5.    OLEDB: Connects to Installed OLEDB provider, such as SQL Server, Access, ORACLE etc.
6.    XML: Extracts data from XML file.

Data Flow Transformations
Transformations are used to modify or manipulate data in the data flow. It performs operations at one row at time or several rows of data at once.

There are wide verity of transformation tasks are present in the tools bar, what you choose is depends on what type of data processing is needed to complete your functionality. Depending of different nature of transformation, we can divide the transformation into 4 categories.

Category-1 [ Logical row-level transformations ]    
It's works on each and every rows of data flow one by one. `Some common used of there transformations are data type conversion, replacing NULL values, case conversion(lower case to upper case etc), row counts etc.

Category-2 [ Multi-Input and Multi-Output transformations ]    
It's works with more than one data input or can generate more than one output. It's have the ability to combine or branch data from one or more sources to one or more destination. Common examples are Union All, Merge-Join, Multicast etc.

Category-3 [ Multi-Row transformations ]    
It's performs works based on criteria from multiple inputs rows or generate multiple output rows from a single input rows. This type of transforms has more memory overhead. But from business prospective it is very important. Some common examples are Aggregate, Pivot, Sort, Row Sampling etc.

Category-4 [ Advanced Data-preparation transformations ]    
It's works on rows in the data flow pipeline. Some common examples are OLE DB Command, Fuzzy Grouping, and Scripts Components etc.

Data Flow Destination
It is the end point of the package. It is just like the Data flow source to use the package connections. It defines the destination where the processed or unprocessed data are pushed. If we take an example, suppose we want to store the final output of the package in a excel file than we must select the Excel Destination adapter.

To understand it properly
Sometimes real life examples help us to understand properly. Here I am taking a real life example to understand it properly. Think about postal services.

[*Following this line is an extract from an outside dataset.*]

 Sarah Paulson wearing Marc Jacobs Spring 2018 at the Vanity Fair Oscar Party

Step-1 [ Data Flow Source Adapters ]
Postman collects postage from different sources like post box, registered postage, and parcel from customer home.

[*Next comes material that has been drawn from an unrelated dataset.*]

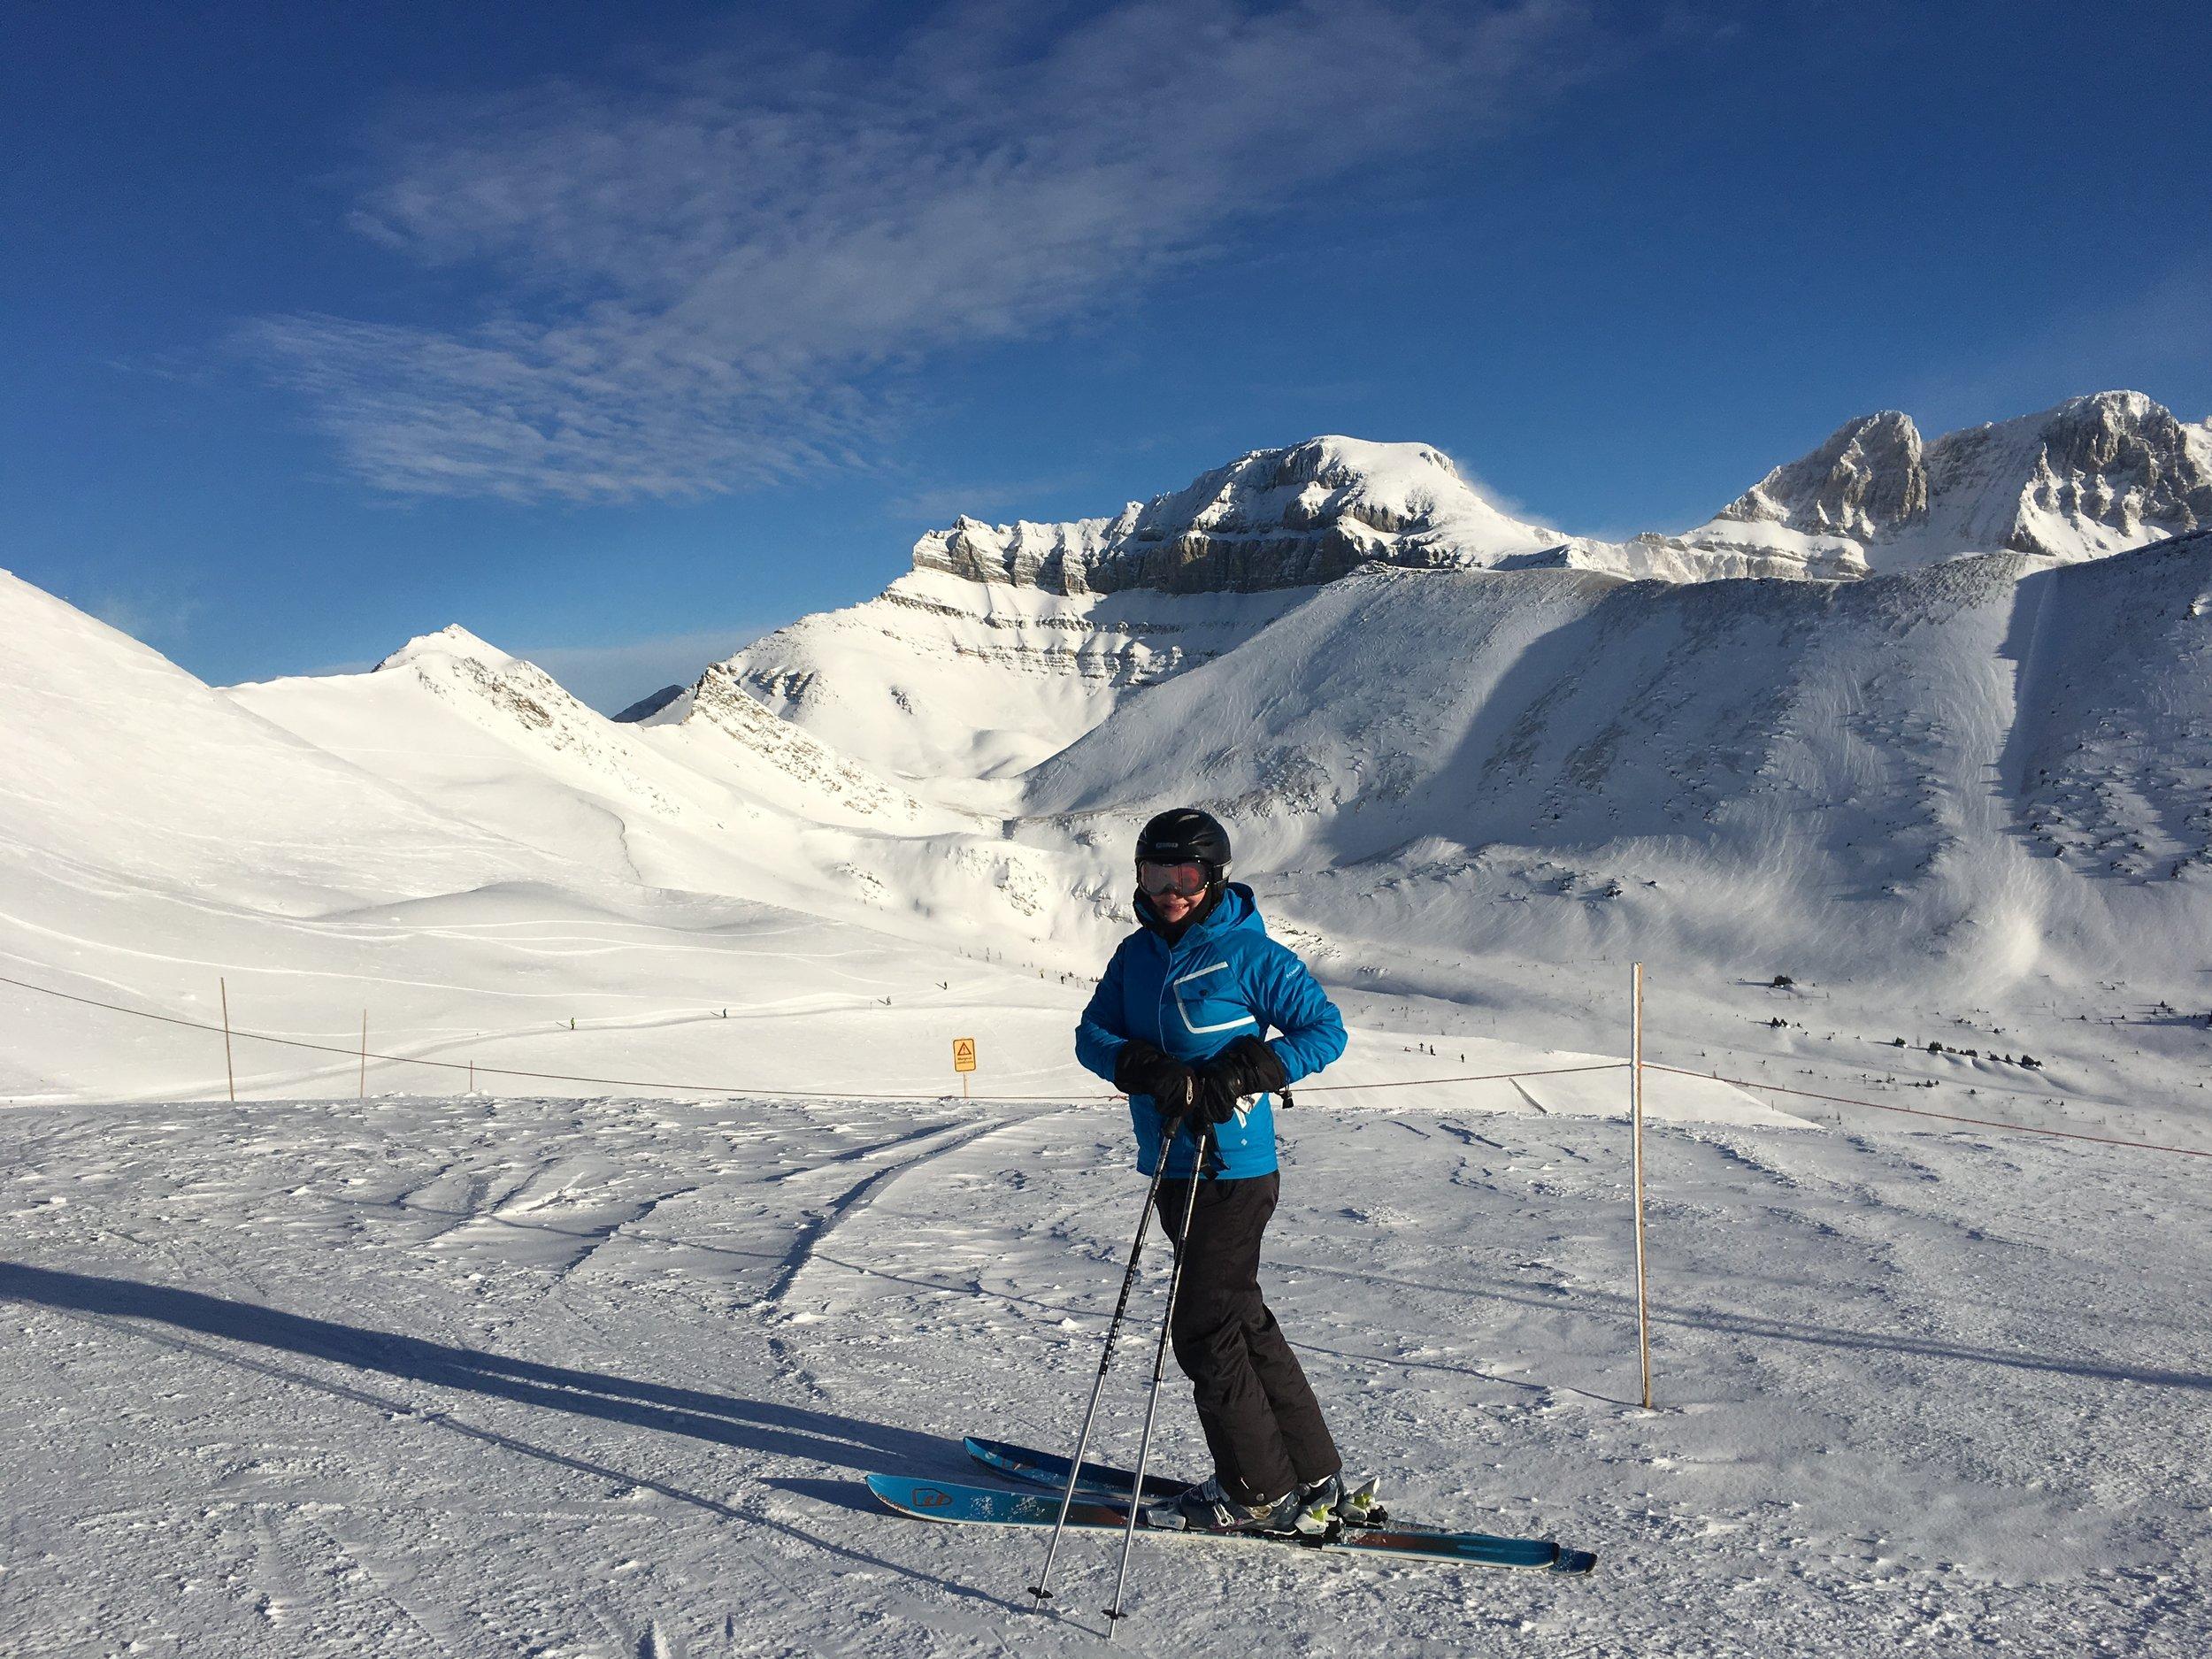 skiing_IMG_2894(1).JPG

Step-2 [ Data Flow Transformations ]
Then in the post office, they check the details of each and every postal baggage like the stamps are corrects or not, delivery address etc.. ect.. and process them.

Step-3 [ Data  Flow Destination Adapter ]
Postman goes to the delivery address and delivers the postage.   

Hope you like it.

Posted by: MR. JOYDEEP DAS

Sunday, 17 February 2013

Important Facts SSIS


Before going to deep with SSIS, we have to understand some important facts related to SSIS. I forgot it to mention in my previous articles related to SSIS. Here in this article I am trying to illustrate it. Here I am using Microsoft SQL server 2008 or 2008R2 version for SSIS solutions.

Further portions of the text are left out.